Nine years ago Ryushin and I hosted our first meeting of Winding Path Tendai Sangha (then known as Nagado Sangha) in the basement room at Christ Church Cathedral on Chestnut Street. We hosted a few evening meditations in February that weren’t attended by anyone other than the two of us, so we consider our official anniversary to be the beginning of March when we first had other people attend. We’ve had some sangha members who have stuck with us since the very beginning and others who have come and gone through the years, some attending for just a few evenings and others who contributed to the community for several years before moving on.

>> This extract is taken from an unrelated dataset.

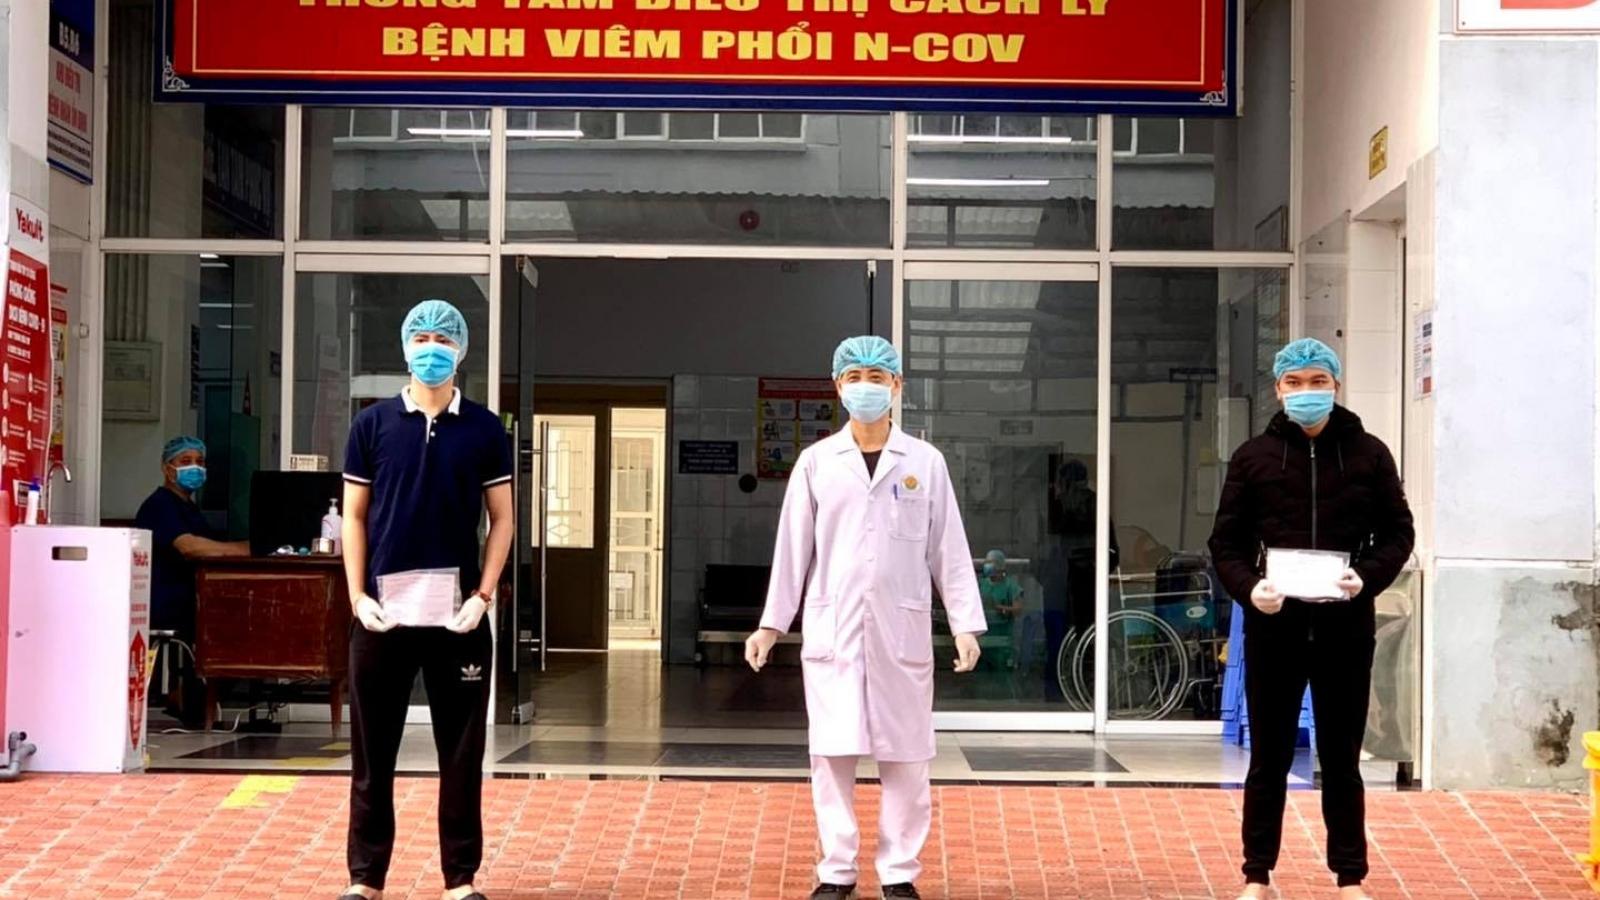 Đã có 15 bệnh nhân Covid-19 ở Quảng Ninh được công bố khỏi bệnh

I always like to pause in March to reflect on the importance of sangha. This year, I’m also thinking about the importance of recognizing our place as part of a larger fabric of humanity. 

This month we’ll have two Monday discussions focused on different aspects of interbeing. The talk about Hogo and lineage will look at the value of recognizing ourselves as part of a continuation of teachings that have been passed down for more than 2000 years. The talk about Homer B. Hulbert will take a wider view and ask us to consider the interconnectedness between ourselves and people we’ve never met and at the energy that resides in sacred spaces. 

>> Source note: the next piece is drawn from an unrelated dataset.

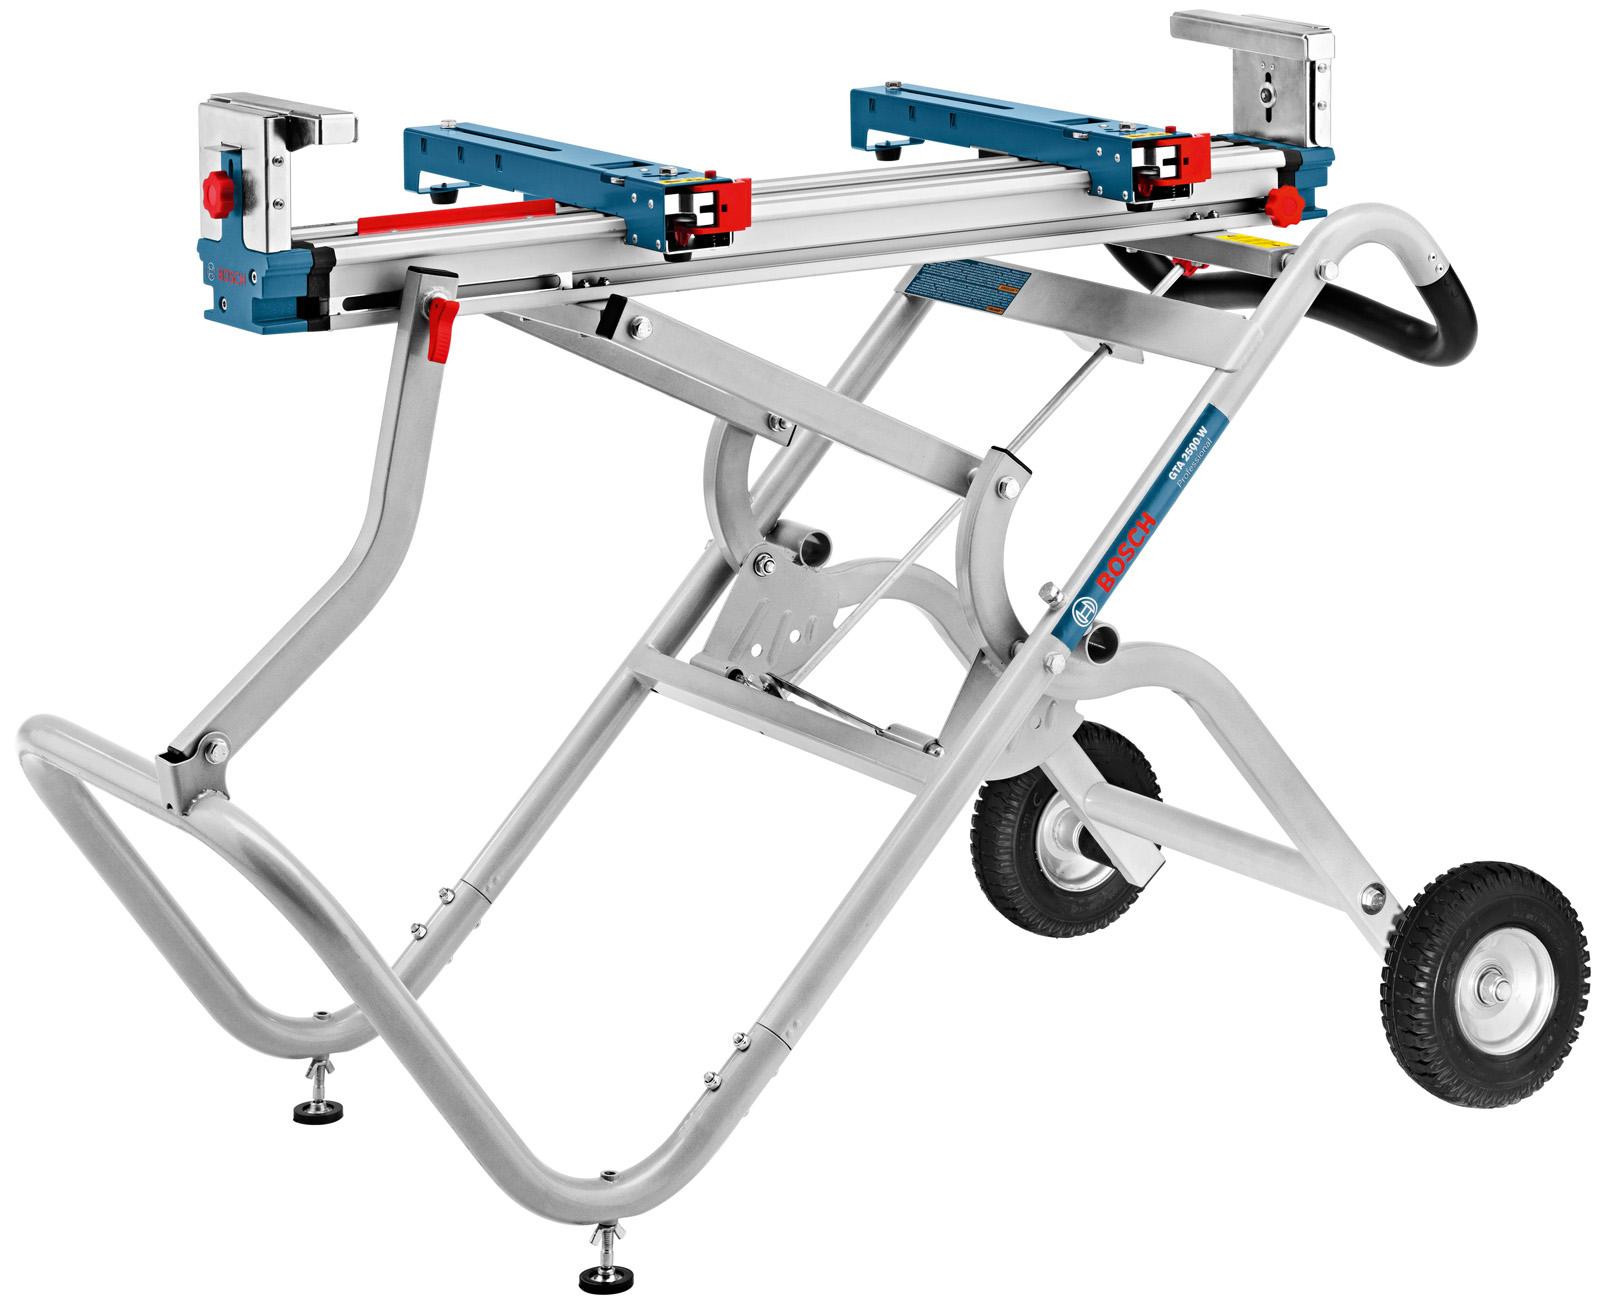 Стол для торцовочной пилы складной, передвижной Bosch Gta 2500 w  (0.601.b12.100)

When we think about interbeing or dependent co-arising, it is often easiest to perceive how we are impacted by people with whom we have the most immediate or tangible relationships. We can recognize how our actions and sense of self are shaped by family, friends, and sangha members. It often takes more effort or intentionality to recognize how we are also shaped by conditions that we may have no present awareness of. Yet, in a very real way our experience in this moment is shaped by conditions from multiple other lifetimes. I don’t attribute it to mere coincidence that our sangha has ended up in a space built by a man who was a missionary and who spent a great deal of his life in Korea and advocating for Korean independence from Japan. Even though I cannot fully understand the relationship between Dr. Hulbert’s life and actions and my own, I can see them linked by a stream of connected thoughts and actions.

In the same way, the Winding Path Sangha that exists right now is not just made up of the people who are physically in the room with us on any given Monday evening or Saturday morning. The sangha continues to be shaped by the karma generated by everyone who has sat with us over the last nine years. Each time you show up to practice, you are generating energy that will drive the sangha forward and support yourself and others to continue practicing in the future.

Thank you to each of you for all you have contributed to sangha over the past several weeks, months, and years.